9. Pharmacist Provision of Medication Abortion: A Pilot Study
Restrictions on abortion access throughout the US since the Dobbs decision have highlighted the need for expanding abortion provision beyond only physician providers. In this pilot study, the authors adapted a toolkit for no-touch medication abortion to be provided by pharmacists, including both online and in-person training sessions, patient education materials, and checklists to guide care. Two pharmacists underwent this training and assessment before providing no-touch medication abortion with mifepristone and misoprostol to a total of 10 patients, with follow-up via phone call at one week and urine pregnancy test at home in four to five weeks. Nine out of 10 patients had successful medication abortions, with one requiring in-office aspiration of an ongoing pregnancy, with no serious adverse events noted.
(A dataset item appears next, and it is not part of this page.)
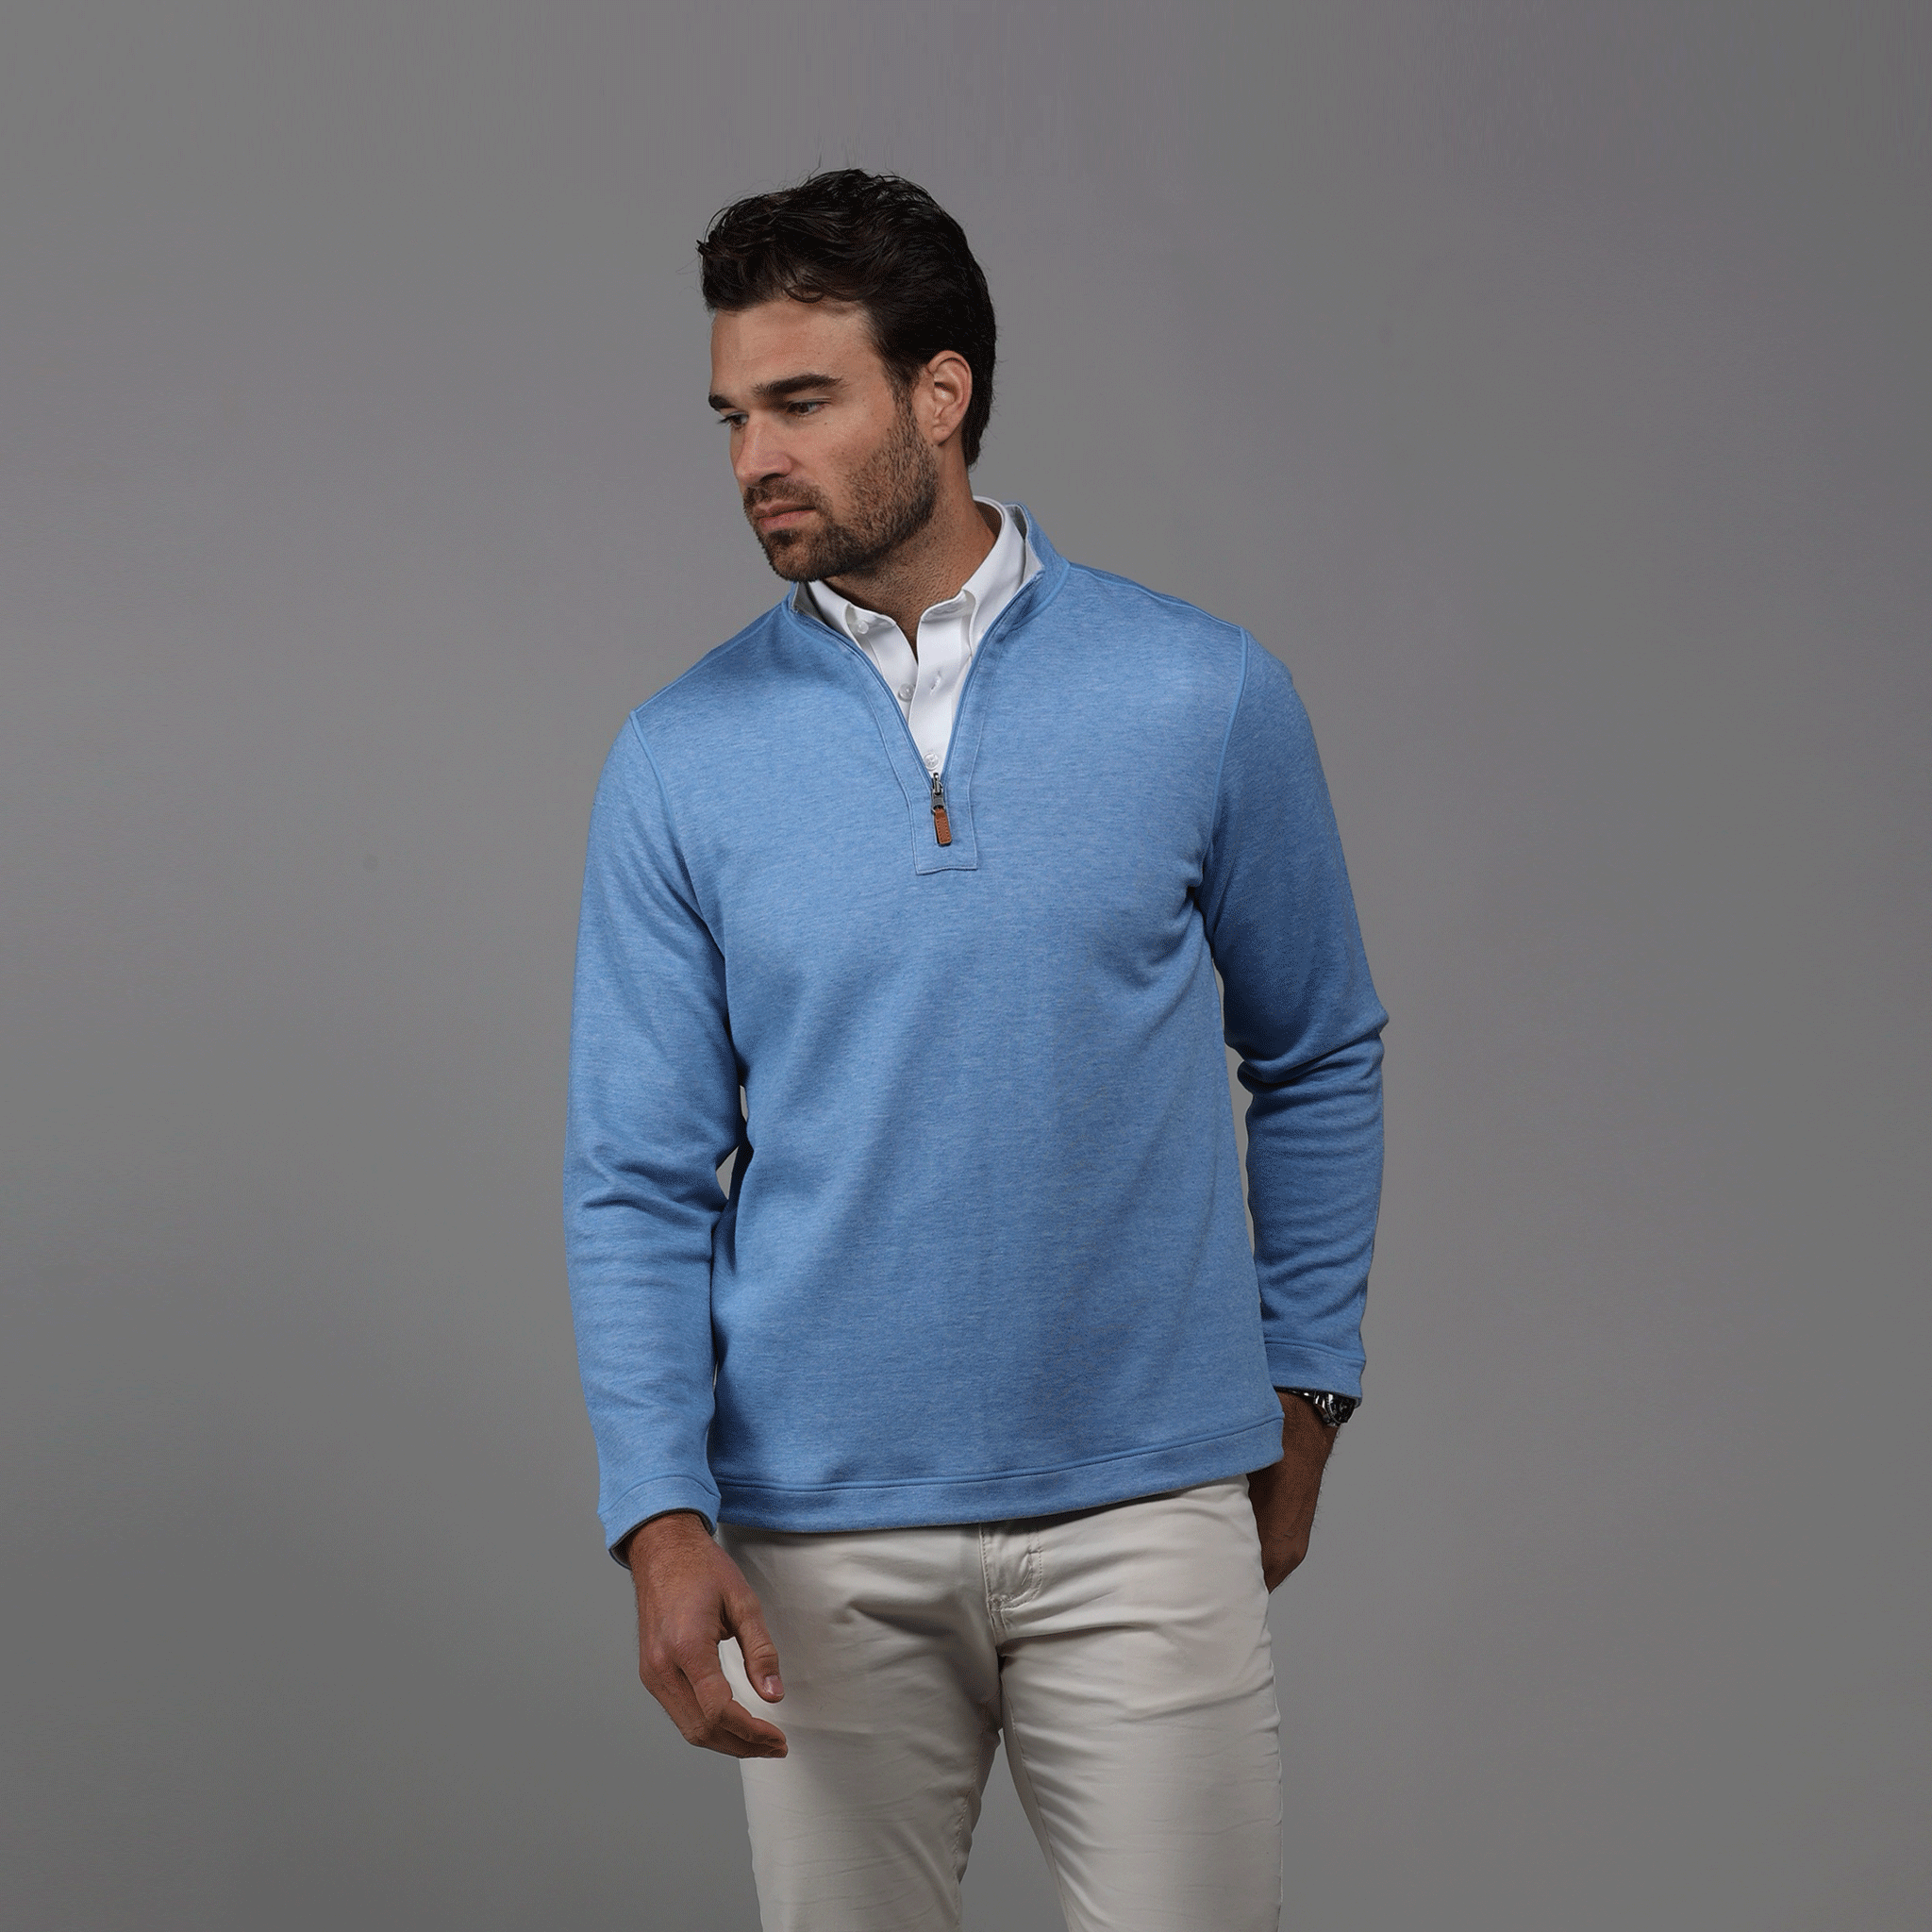 Sky Blue and Light Reversible Zen Blend Grey & Quarter Zip Cotton Pullov – Collars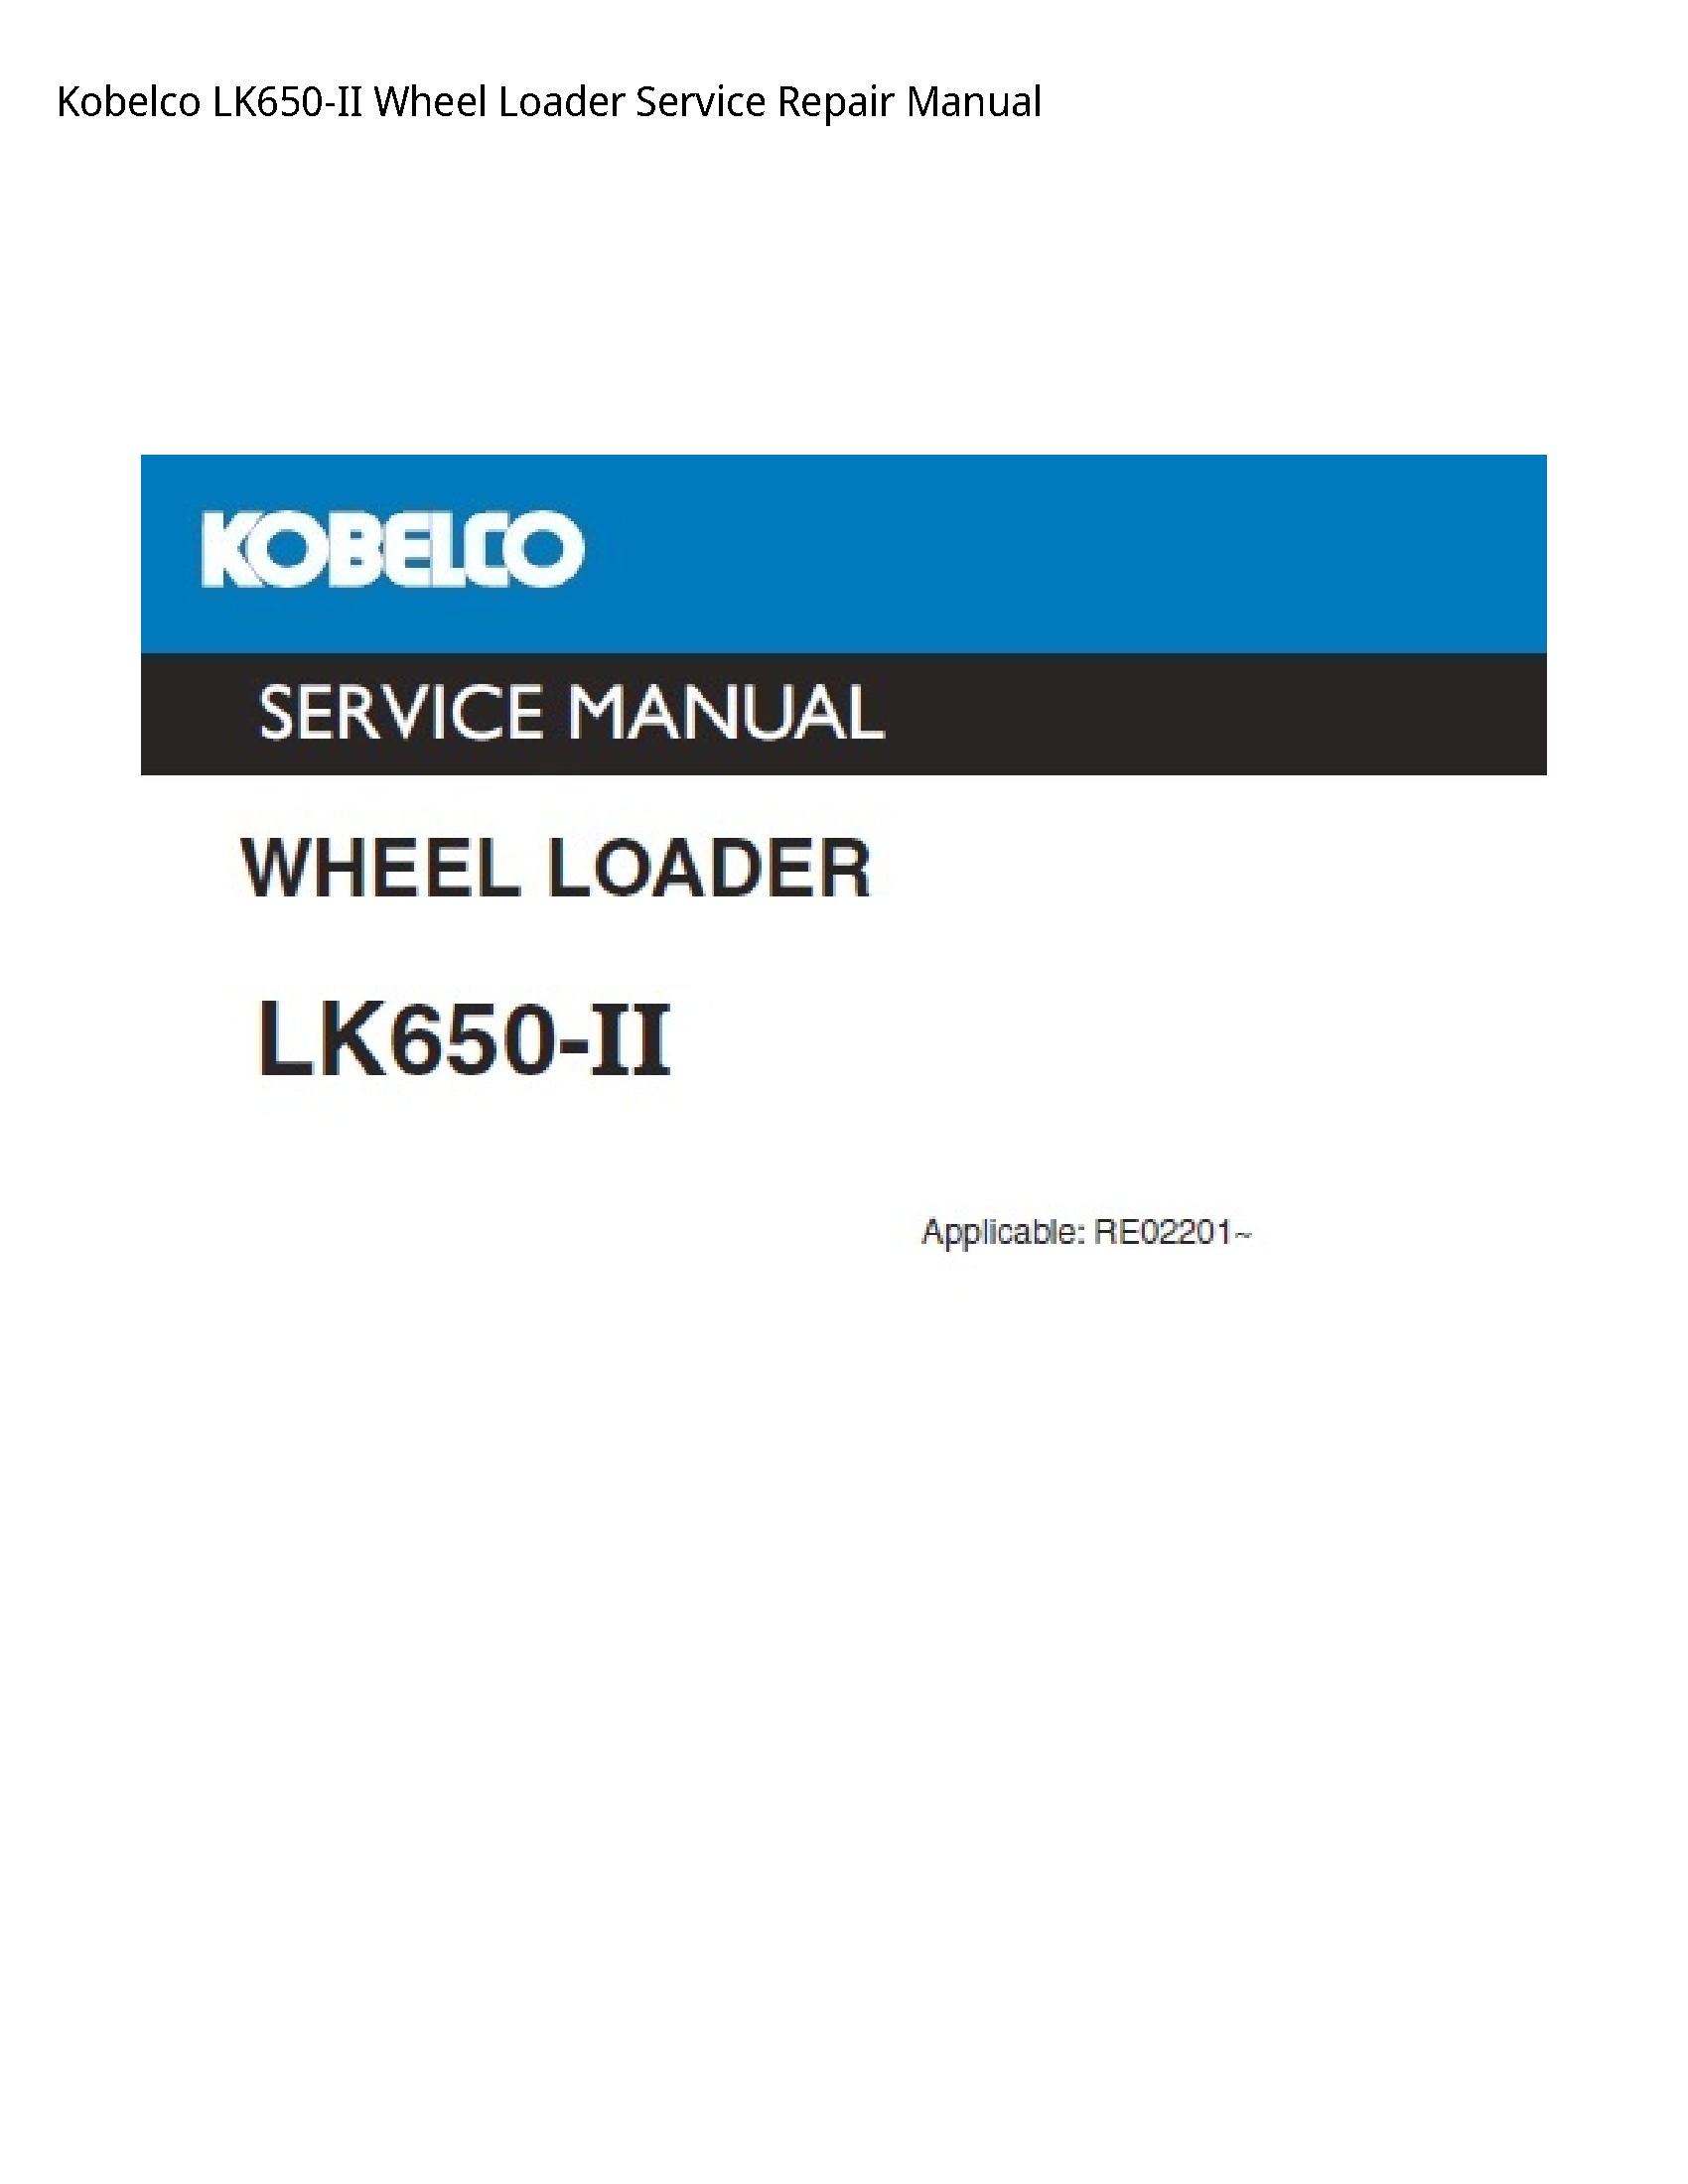 Kobelco LK650-II Wheel Loader manual

The authors conclude that this proof-of-concept study demonstrates a workflow by which pharmacists can safely and effectively provide medication abortion. LINK NEEDED
10. What attributes of abortion care affect people's decision-making? Results from a discrete choice experiment
Many variables may affect patients’ decisions about first-trimester abortion care, including the method of abortion (medication versus procedural) but also logistical considerations. In this online survey study of nearly 900 US residents between the ages of 18-55 who were assigned female at birth, the researchers queried participants’ preferences about abortion provision using discrete choice scenarios. These scenarios varied abortion method, but also cost, wait time, delivery model (in-person versus telehealth), and distance traveled. In their analysis, the authors concluded that while more patients (59%) had a slight or strong preference for medication abortion overall, wait time and cost had a greater impact than either the abortion method or delivery model. While the authors note that these preferences were in hypothetical situations, they note the overall preference among potential patients for medication abortion and highlight the importance of national efforts to expand this care model. However, they also note that patient preferences are not uniform, with some patients expressing a strong preference for procedural management and/or in-person evaluation and discuss that no single model of abortion care will meet all patient preferences.